Sarah Quinn

Ph.D. candidate in Sociology at the University of California, Berkeley

 
 
After earning my B.A. from Smith College with a major in sociology in 1998, I moved to New York City where I spent five years working in a small derivatives firm called GenRe Securities. There I produced daily, monthly, and quarterly reports for the credit department, an experience that left me fascinated with the ways people interpret, classify, and account for risks. GenRe is also where I first learned about securitization, a now-infamous process that companies use to spin groups of assets (like mortgages and life insurance policies) into even more lucrative bonds.
 
 
As a graduate student in sociology I seek to understand the historical, cultural, and political forces that shaped those experiences. My master’s thesis examined the relationship between market institutions and morality, using the case of the secondary market for life insurance to show how markets can transform our sense of decency. As part of this study, I found that the introduction of securitization in this market had fostered a more distant, impersonal, rationalized understanding of the practice.
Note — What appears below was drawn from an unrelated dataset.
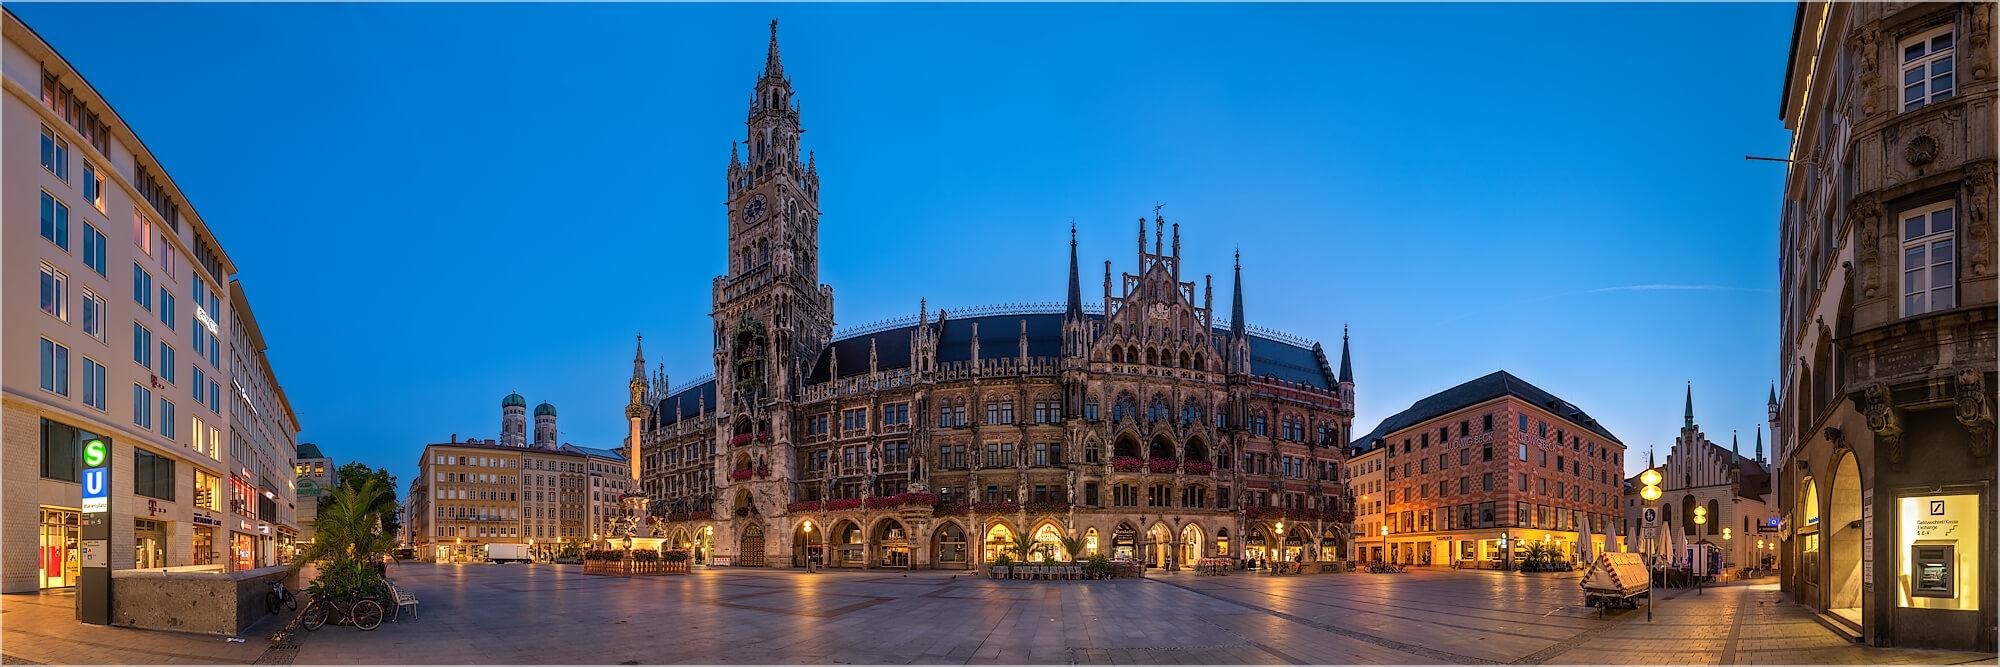 Panoramafoto München Münchner Marienplatz

This impersonal ethic stood in stark contrast to the intimate, highly emotional understandings of those who worked closely with the terminally ill, or a sense of revulsion often felt by people who were unfamiliar with the industry. Results from this study were published in the American Journal of Sociology.
 
 
My dissertation returns to the topic of securitization.  The housing bubble was at its apex when I first began seriously considering securitization as a topic in the winter of 2007. As I wrote my prospectus that June, the bottom had just started to fall out of the subprime market. In the summer of 2007, while the investment banks started to topple, I was in the Lyndon B. Johnson presidential archives learning about how the credit crunch of 1966 spurred the government to promote the securitization market. In view of these events, many people have congratulated me on anticipating the meltdown. The truth is, I chose to study securitization because it was surprisingly understudied given its widespread and sometimes problematic use. I saw it as an opportunity to learn more about how technologies and fields evolve together, and a chance to study how culture and politics shaped the development of risk management techniques in financial markets. At the time I had no idea that this relatively obscure topic was about to become front-page news.